I spent Monday trying to get a plastic model built around the wooden mold (in preparation for the copper), but ran into significant problems.
As shown, the mold has since crack significantly, making the circumference much larger then originally planned. Even with the cracks, it proved difficult to get my test plastic around the mold without creating a large number of seams. The seams are a problem because they are not smooth and would need to be brazed. I have, for the meantime, rejected using the mold to strap the copper around.
As I mentioned previously, paying someone else to do the metal spinning is too expensive, and I put more thought into doing it myself, but decided again that too, for a number of reasons:
- I don’t have the right tools (I would need pretty much everything on that page)
- I need a lathe with a larger space between the spindle (the part that spins on either side of the piece) and the bed (the part that holds both side together). The largest piece of copper I can fit onto the my current lathe is 11″ in diameter which is not enough copper to push over a 15″ long mandrel. Good metal spinning lathe are worth thousands of dollars.
- After talking to a supplier, it sounds like the mandrel I have created is not a hard enough wood, nor is it centered properly.
I have since been investigating using “3D Printing” technology which uses metal powders, and adhesives to first make a “green” object, which is then baked, and then infused with bronze. I have sent in a request for quote to Prometal (US based) and Shapeways (UK based) and I am hoping to get the cavity made for under $2K CND. The beauty of using 3D printing technology is that I can design the cavity in two parts including all the mounts necessary for the tuning plate and the two probes in Rhino3D (which I already own) and then have it printed with 0.1mm accuracy! I am also looking into getting a much cheaper plastic model “3D printed” and then electroplated with copper.
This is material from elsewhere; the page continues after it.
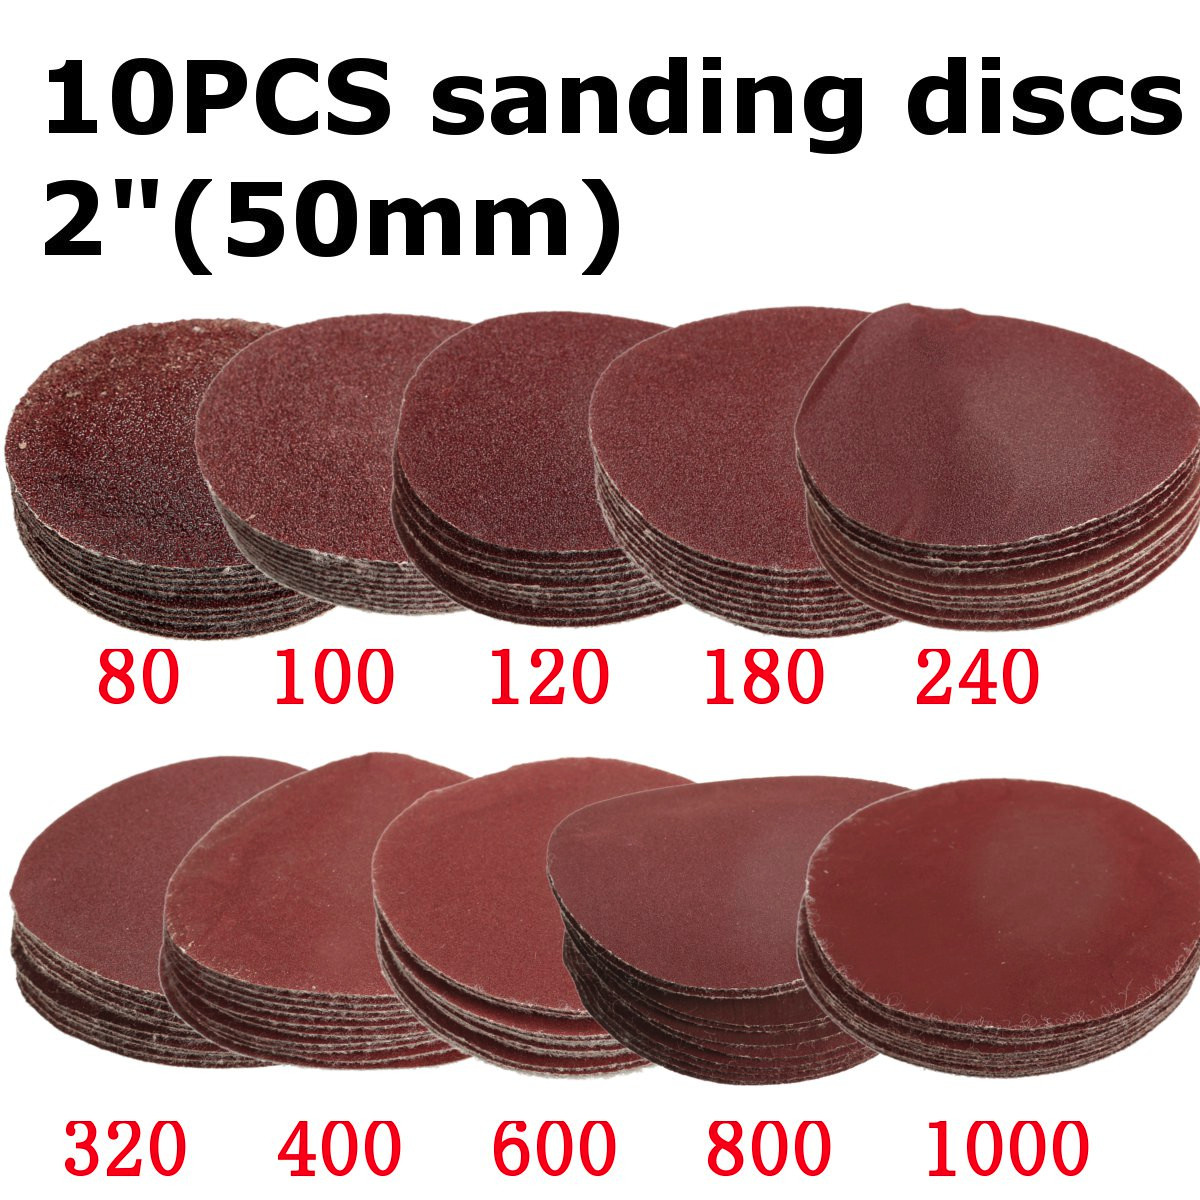 10pcs-2-Inch-Sanding-Discs-80-1000-Grit-Sander-Discs-Set-50mm-Sanding-Polishing-Pads-1091200-10

I spent the afternoon at the university running more simulations – I currently have a problem where if I run a simulation with the highest number of tetrahedrals possible (~600K), I get different results then if I run it with fewer tetrahedrals (~300K to ~445K). The results are different enough that it looks like the TE0,1 mode is resonating at a different frequency. With the ~600K model, I tried using the tuning plate at the back of the cavity to bring the TE0,1,n mode back to resonate at 2.45Ghz, but with ~600K tetrahedrals, it takes five to six hours just to run one simulation. I then make a small change to the position of the tuning plate and retry the simulation but the length of time for the iterations makes the method unfeasible. My analysis is that the higher number of tetrahedrals changes the results because the resonant frequency of the TE0,1,n mode is sensitive to the accuracy with which all the round parts are meshed at. Everything in this model is round, from the probes to the tuning plate to the entire cavity itself, which makes an accurate meshing very difficult. However, I am confident the model will work, but it will need a tuning mechanism to make the TE0,1 mode resonant at 2.45Ghz and I am going ahead with the design. (This could be my biggest mistake yet, if the cavity costs $2K to get built and it doesn’t resonate as expected)
I did get the new L gasket for the vacuum chamber and I was very happy to see that it fit:
Now I am waiting for:
- Vacuum gauge – I unfortunately lost my bid and will have to find another one.
- Drill bits for the acrylic – they should be here within a week.